It's part of President Donald Trump's promise to take a tougher stance against campus antisemitism and deal out harsher penalties than the Biden administration, which settled a flurry of cases with universities in its final weeks. It comes the same day the Justice Department announced a new task force to root out antisemitism on college campuses.
In an order signed last week, Trump called for aggressive action to fight anti-Jewish bias on campuses, including the deportation of foreign students who have participated in pro-Palestinian protests.
Along with Columbia and Berkeley, the department is now investigating the University of Minnesota, Northwestern University and Portland State University. The cases were opened using the department's power to launch its own civil rights reviews, unlike the majority of investigations, which stem from complaints.
Messages seeking comment were left with all five universities.
A statement from the Education Department criticized colleges for tolerating antisemitism after Hamas' Oct. 7, 2023, attack on Israel and a wave of pro-Palestinian protests that followed. It also criticized the Biden administration for negotiating "toothless" resolutions that failed to hold schools accountable.
"Today, the Department is putting universities, colleges, and K-12 schools on notice: this administration will not tolerate continued institutional indifference to the wellbeing of Jewish students on American campuses," said Craig Trainor, the agency's acting assistant secretary for civil rights.
The department didn't provide details about the inquiries or how it decided which schools are being targeted.
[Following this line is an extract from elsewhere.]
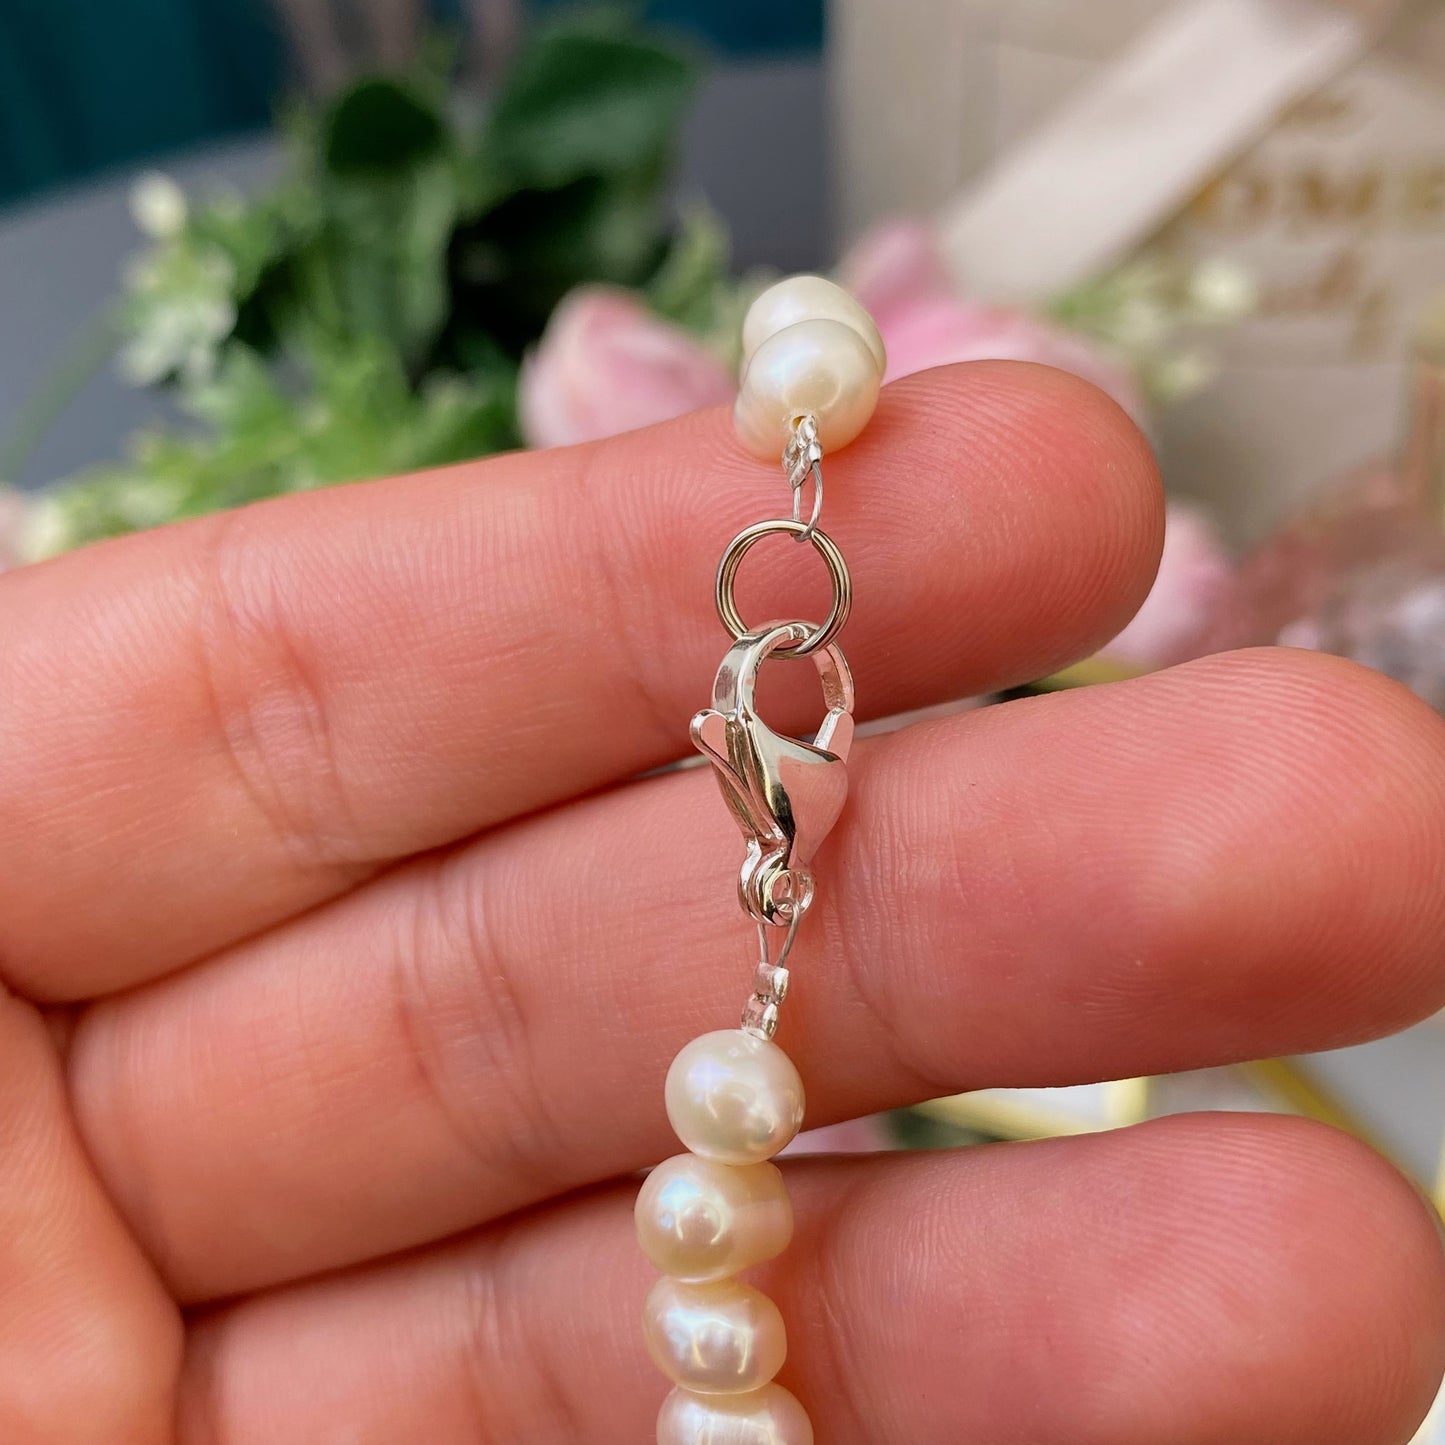 River Pearl necklace (River Pearls 5-6mm, 38cm)
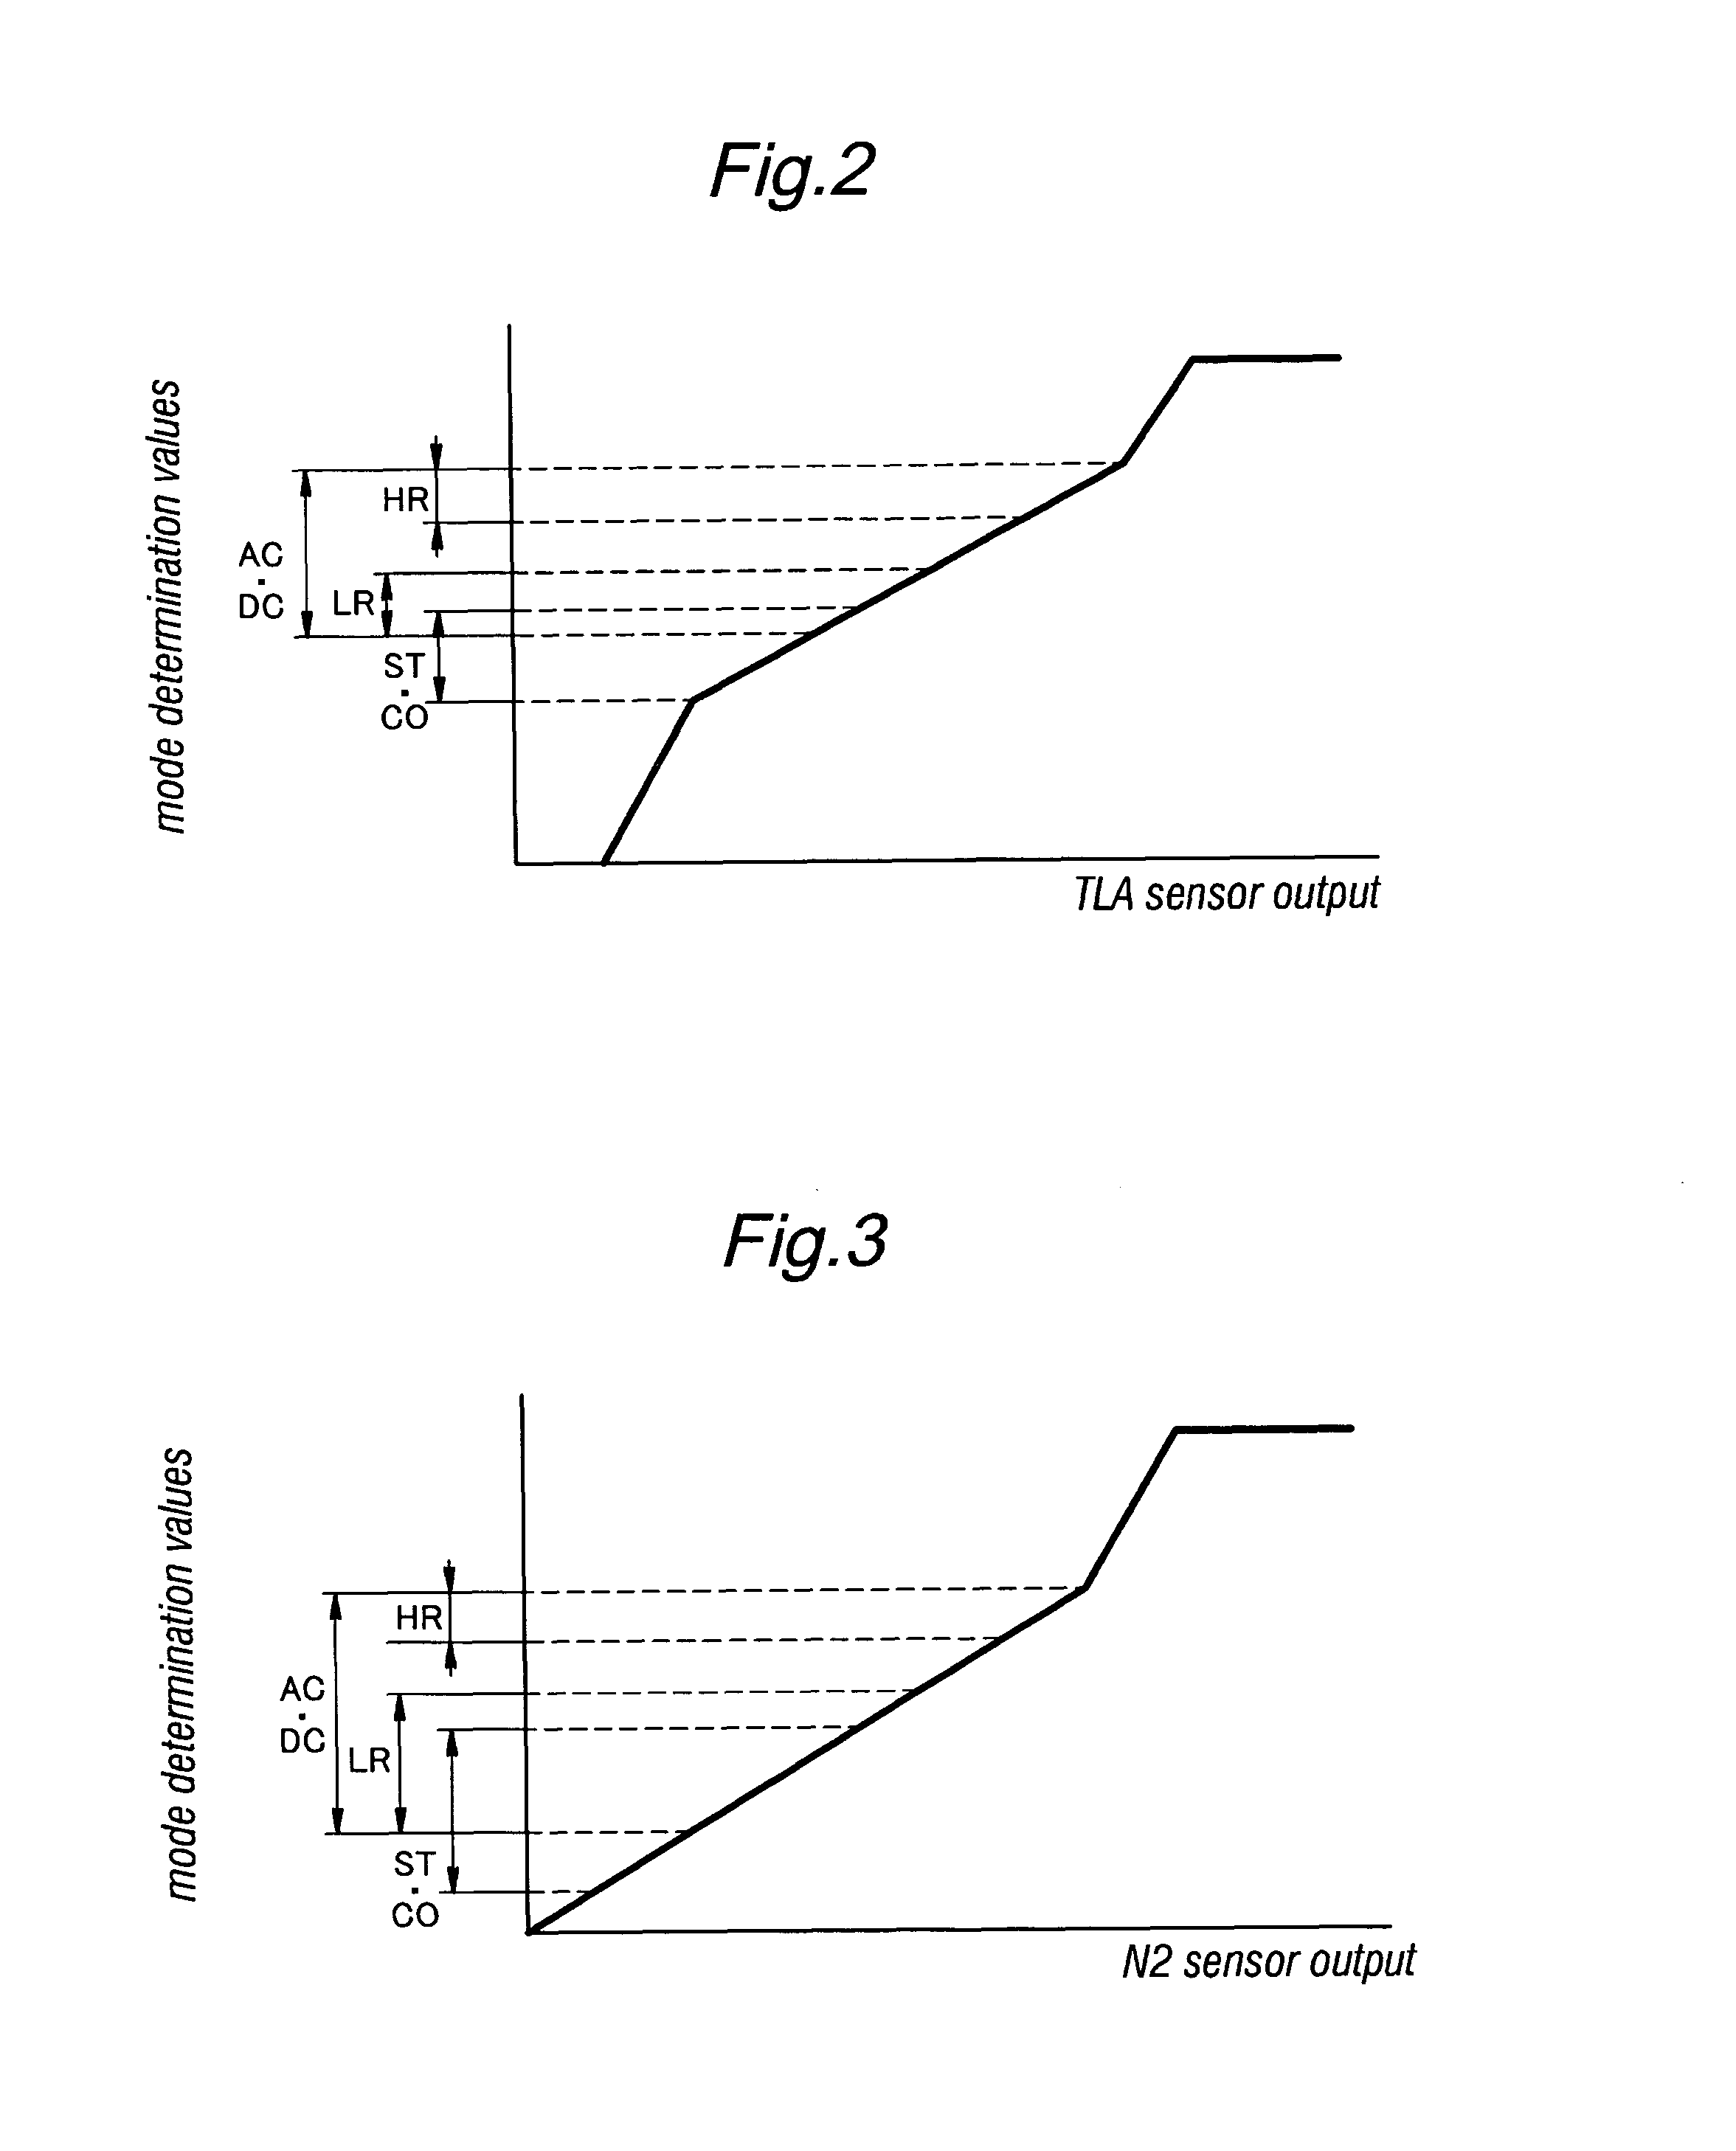 System for monitoring sensor outputs of a gas turbine engine

Presidents of Columbia and Northwestern were among those called to testify on Capitol Hill last year as Republicans sought accountability for allegations of antisemitism. The hearings contributed to the resignation of multiple university presidents, including Columbia's Minouche Shafik.
An October report from House Republicans accused Columbia of failing to punish pro-Palestinian students who took over a campus building, and it called Northwestern's negotiations with student protesters a "stunning capitulation."
House Republicans applauded the new investigations. Representative Tim Walberg, chair of the Education and Workforce Committee, said he was "glad that we finally have an administration who is taking action to protect Jewish students."
Trump's order also calls for a full review of antisemitism complaints filed with the Education Department since Oct. 7, 2023, including pending and resolved cases from the Biden administration. It encourages the Justice Department to take action to enforce civil rights laws.
Last week's order drew backlash from civil rights groups who said it violated First Amendment rights that protect political speech.
The new task force announced Monday includes the Justice and Education departments along with Health and Human Services.
"The Department takes seriously our responsibility to eradicate this hatred wherever it is found," said Leo Terrell, assistant attorney general for civil rights. "The Task Force to Combat Anti-Semitism is the first step in giving life to President Trump's renewed commitment to ending anti-Semitism in our schools."